### Work required
In the records below, find the line that contains "past life karma" and the line that contains "#fashionover40 mature woman"; write out exactly those two lines and everything between them, without the pictures.

:: Material shown ::

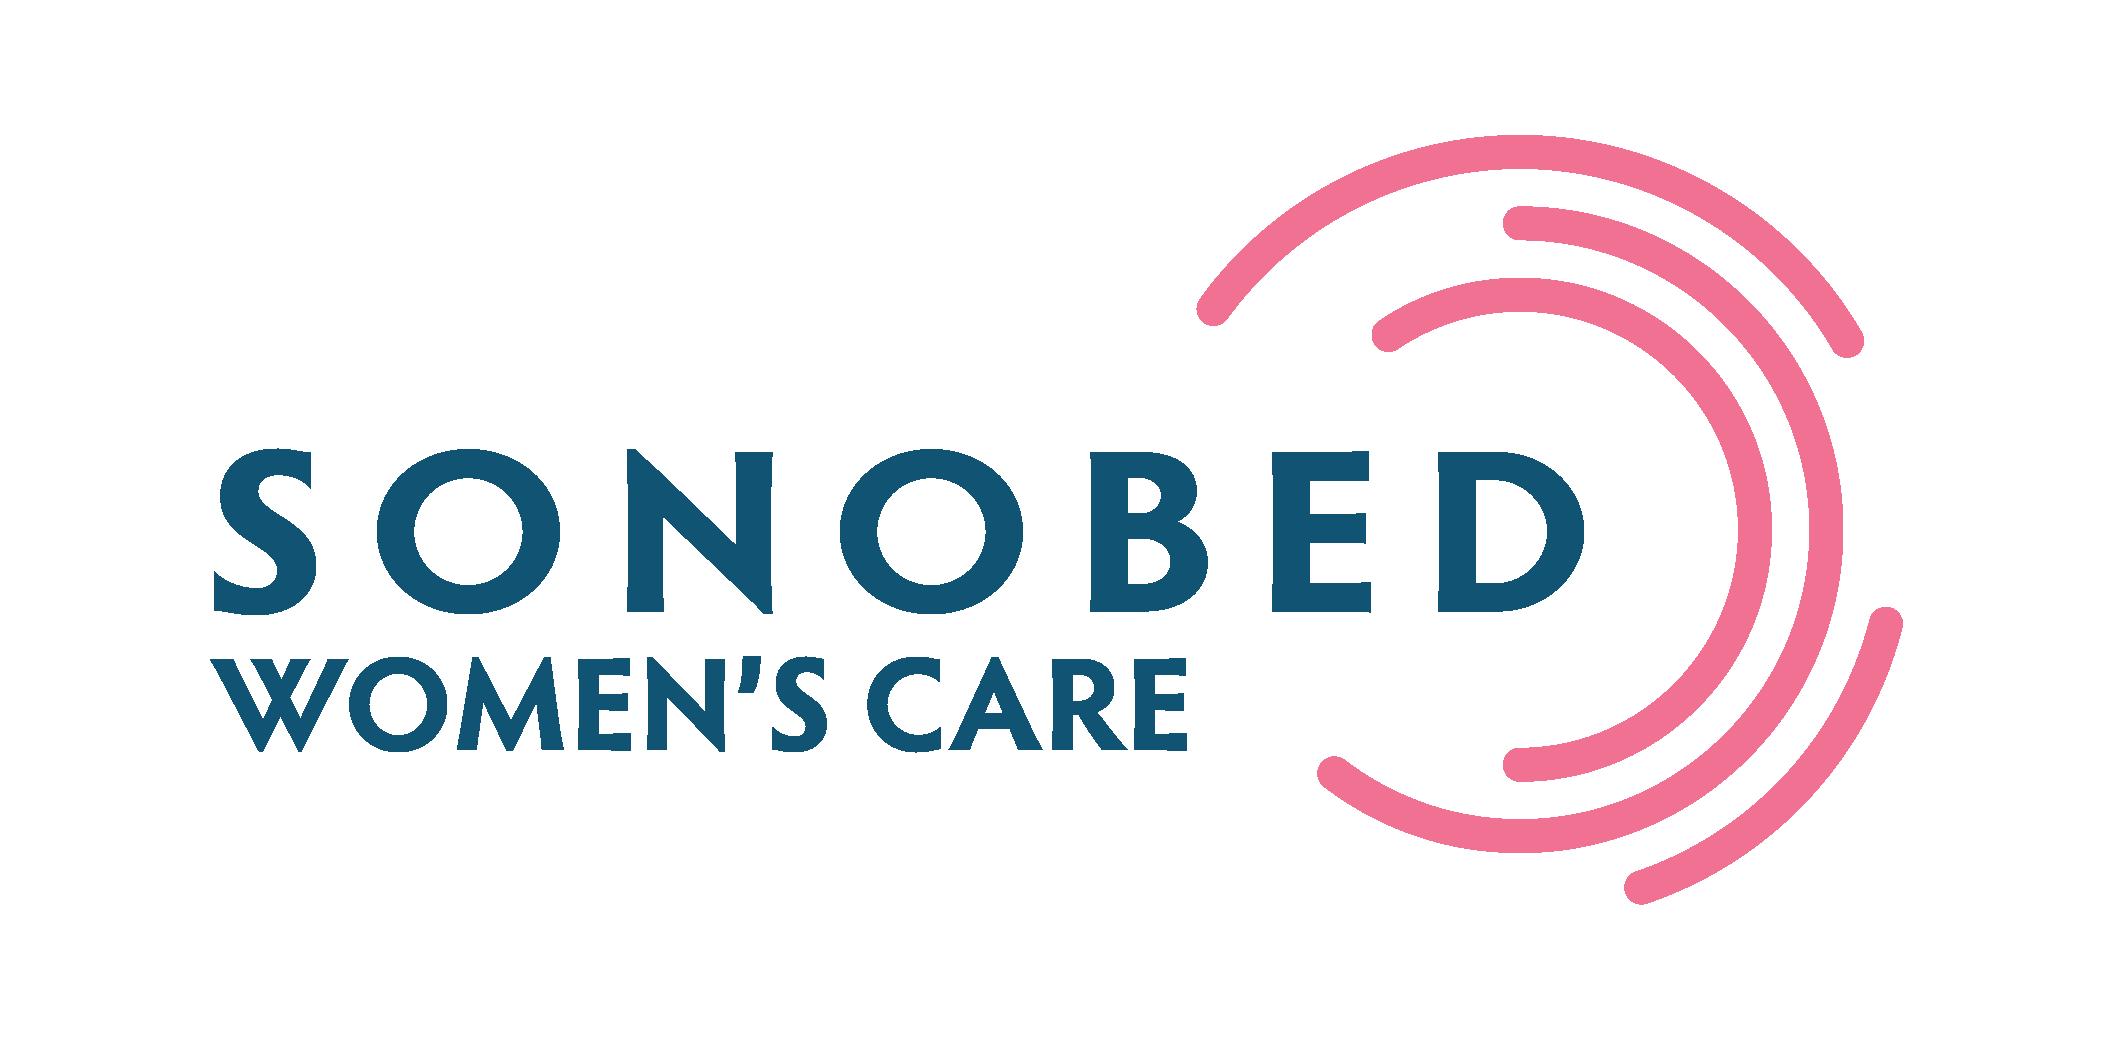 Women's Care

:::
:: Material shown ::

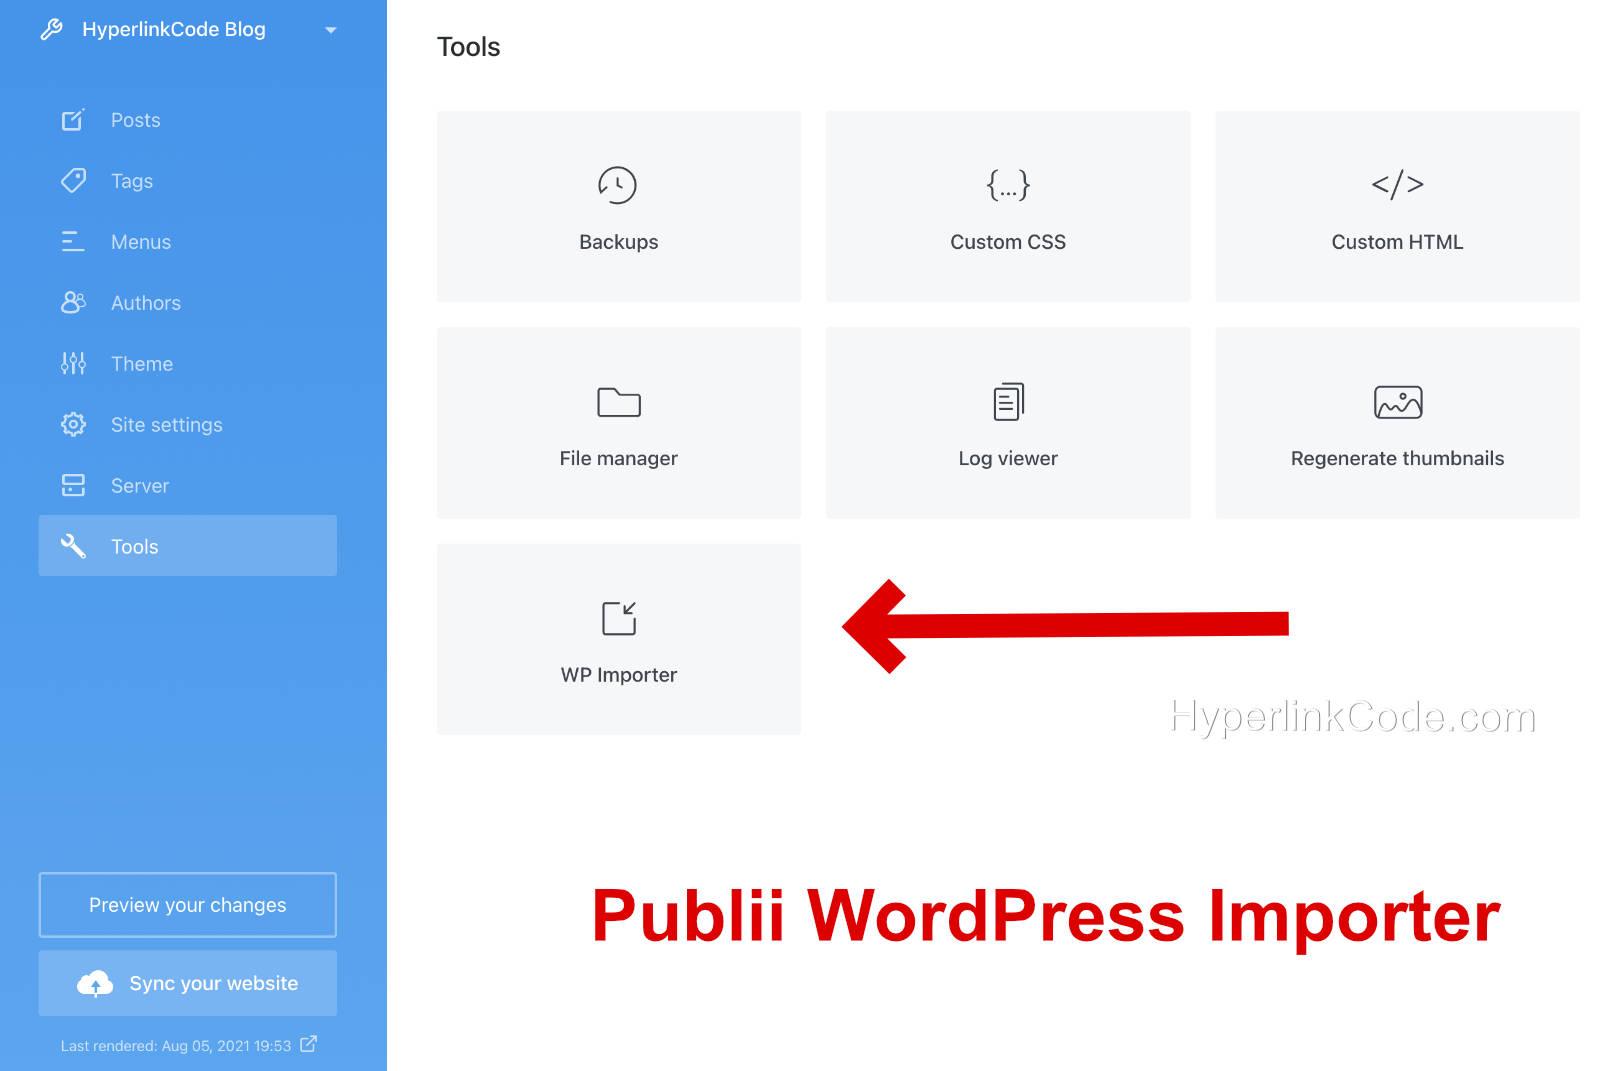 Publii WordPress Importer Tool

:::
:: Material shown ::

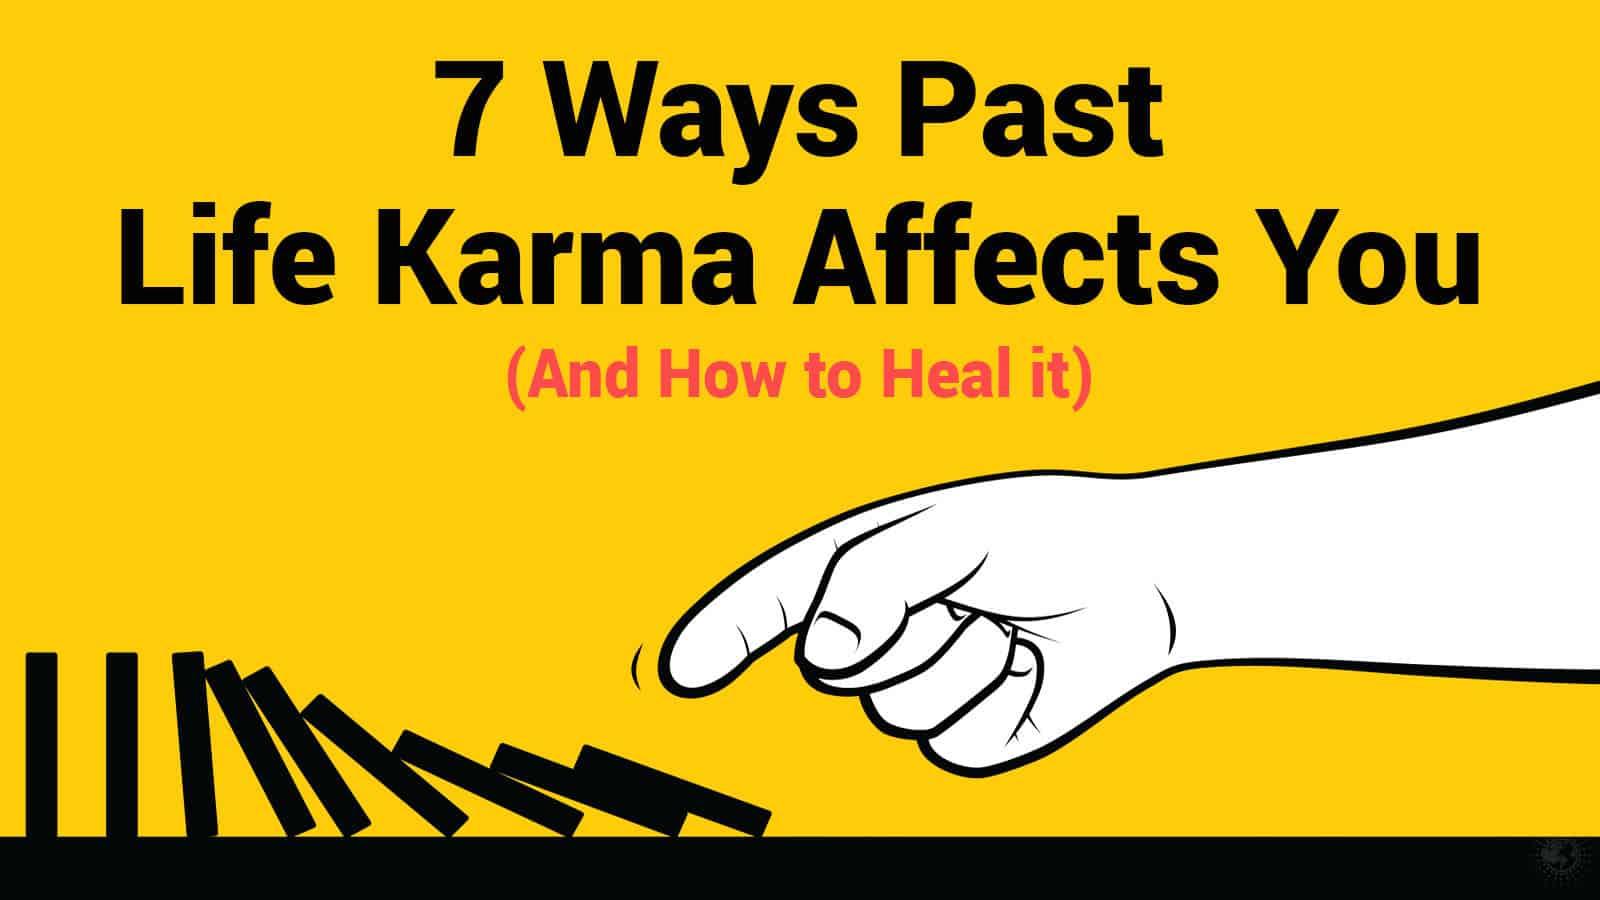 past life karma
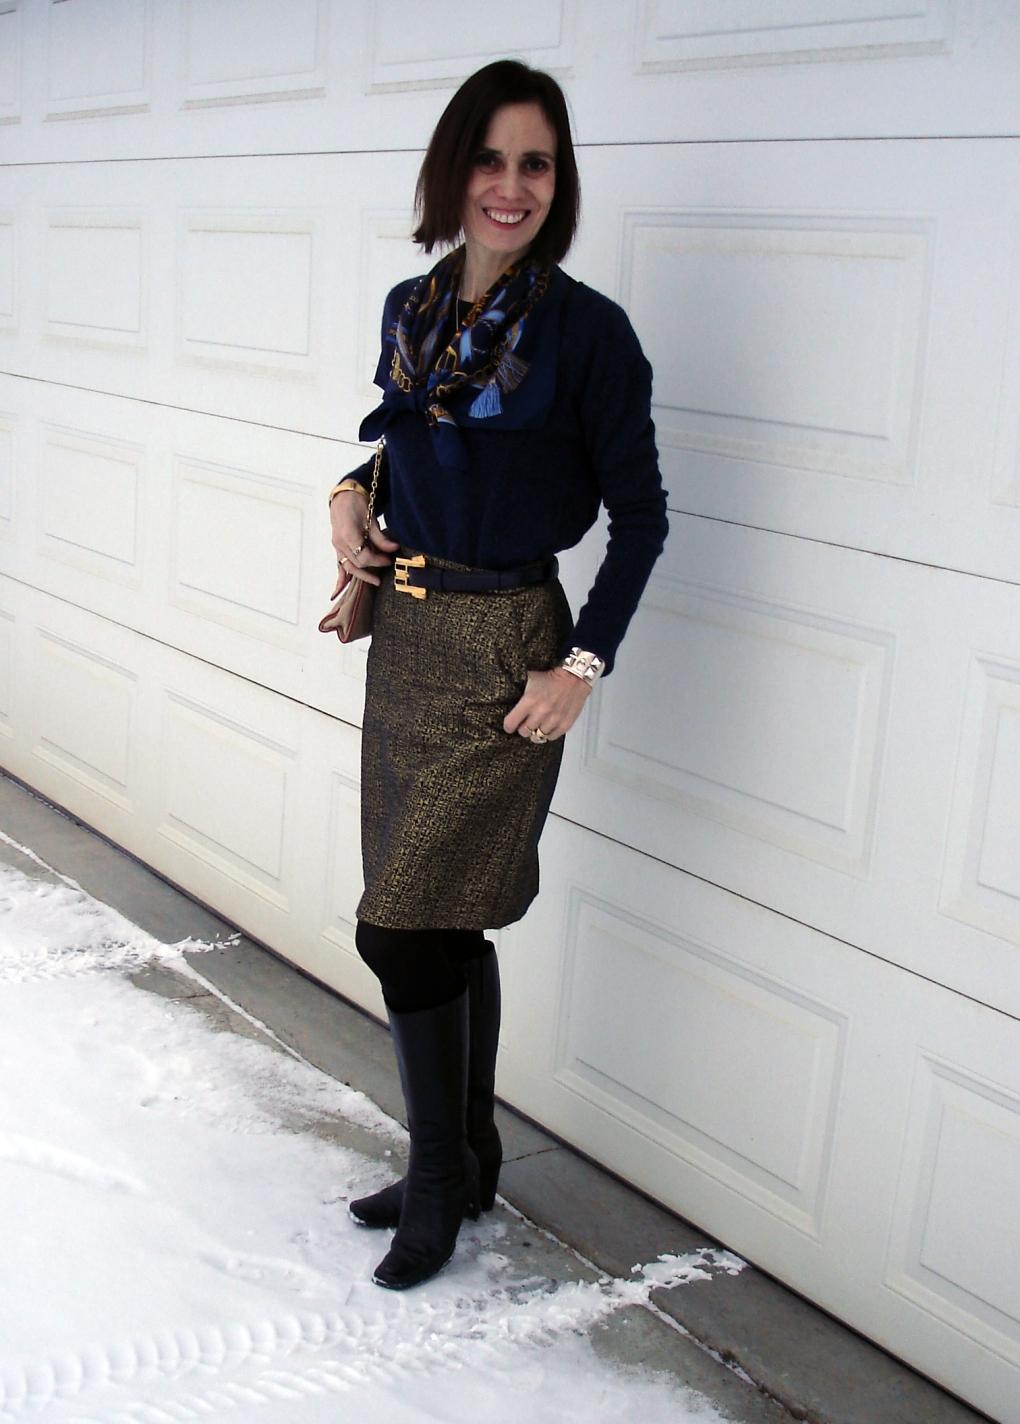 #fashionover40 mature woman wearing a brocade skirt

:::

### Task output
 past life karma
 #fashionover40 mature woman wearing a brocade skirt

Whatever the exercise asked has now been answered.